The characterisation of epitaxial layers of the dilute magnetic semiconductor Hg(_1-x)Mn(_x)Te

Abstract

This work is concerned with the characterisation of epitaxial (Hg,Mn)Te, and in particular the assessment of the structural and transport properties of the layers. Direct alloy growth (DAG) of (Hg,Mn)Te on buffered GaAs and unbuffered (Cd,Zn)Te substrates in a horizontal MOVPE reactor resulted in poor surface compositional and thickness uniformity. This was attributed to the differences in the pyrolysis rates of the Te and Mn precursors. Double crystal x-ray diffraction was used to determine accurately layer thickness, composition and quality. Analysis of the symmetric and asymmetric rocking curves revealed that for thickness over lµm (Hg,Mn)Te was almost 100% relaxed. A reduction in the dislocation density, as inferred from the x-ray rocking curve width, was observed with increasing layer thickness and was considered in terms of the Gay model. A sub-grain structure was seen using double crystal x-ray topography, where grain diameter decreased in a linear manner with inverse layer thickness. Triple axis x- ray diffraction revealed that tilts between the sub-grains were the primary cause of the rocking curve broadening.

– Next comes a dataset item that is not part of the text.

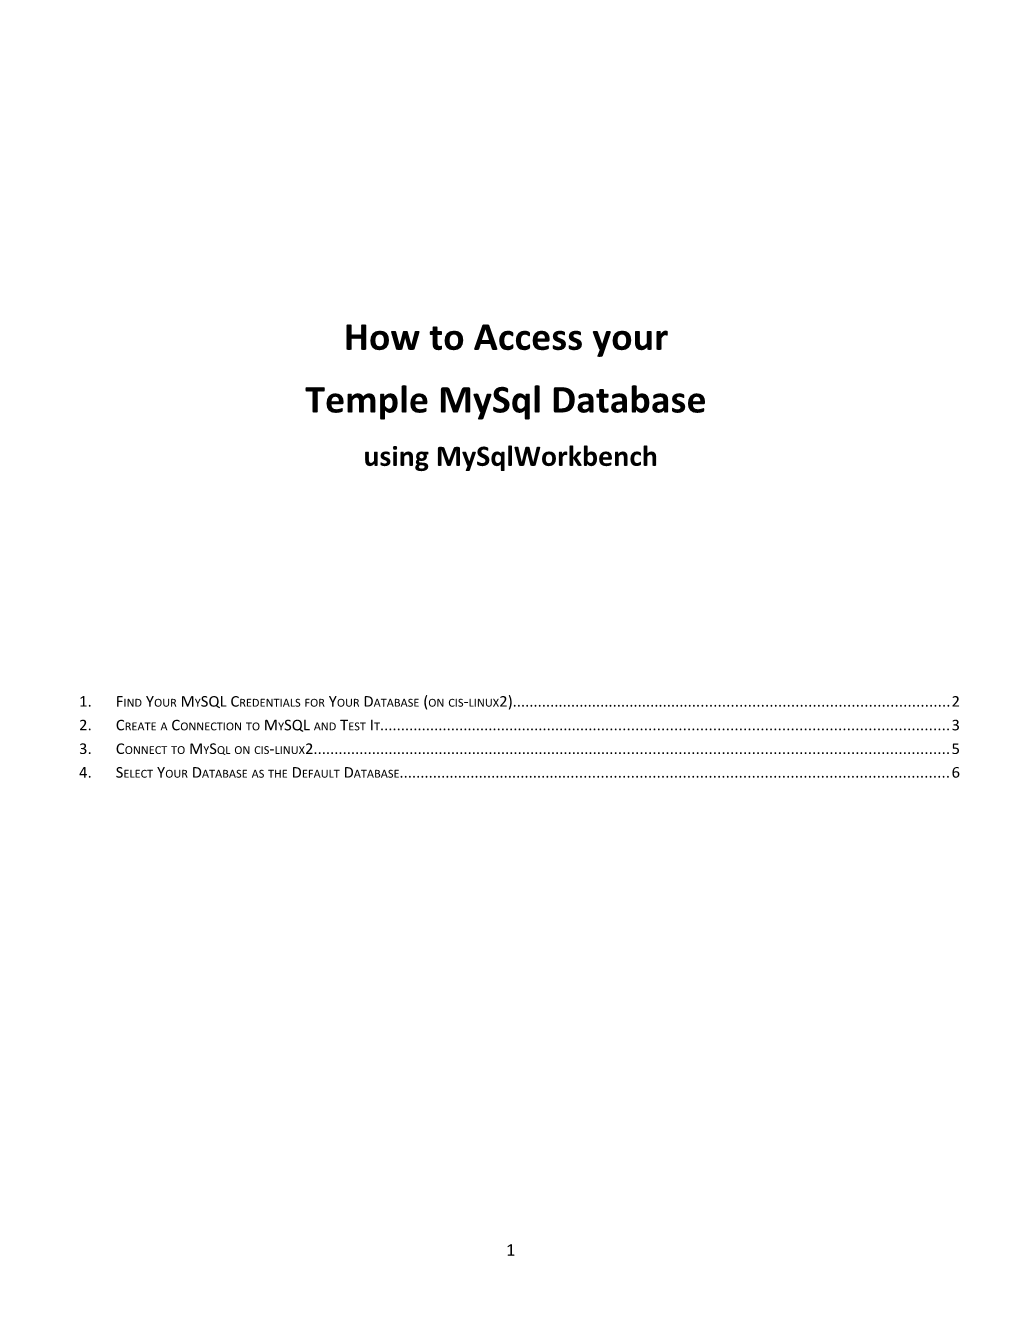 How to Access Your

Hall and resistivity measurements were made in the temperature range 4K to 290K. The majority of the layers exhibited n-type behaviour, with carrier concentrations and mobilities dependent on layer thickness. Modelling of the temperature dependence of the carrier mobility was attempted for various lattice and impurity scattering mechanisms. Attempts were also made to explain the temperature dependence of the carrier concentration using a two band model and estimates for the bandgaps obtained from intrinsic Hall data. The interdiffused multilayer process (IMP) was then employed, resulting in layers with superior lateral compositional and thickness uniformities. Improved crystalline quality to that seen in comparable DAG layers was also obtained. The electron mobilities were higher in IMP lasers than incomparable DAG ones and analysis of the mobility data indicated that several scattering mechanisms were operative, including ionised and neutral impurity, optical phonon and piezoelectric (in Mn rich layers) scattering. Layers grown by IMP appeared to be more stable and changes in transport properties over a period of a few months were less pronounced than for comparable DAG layers.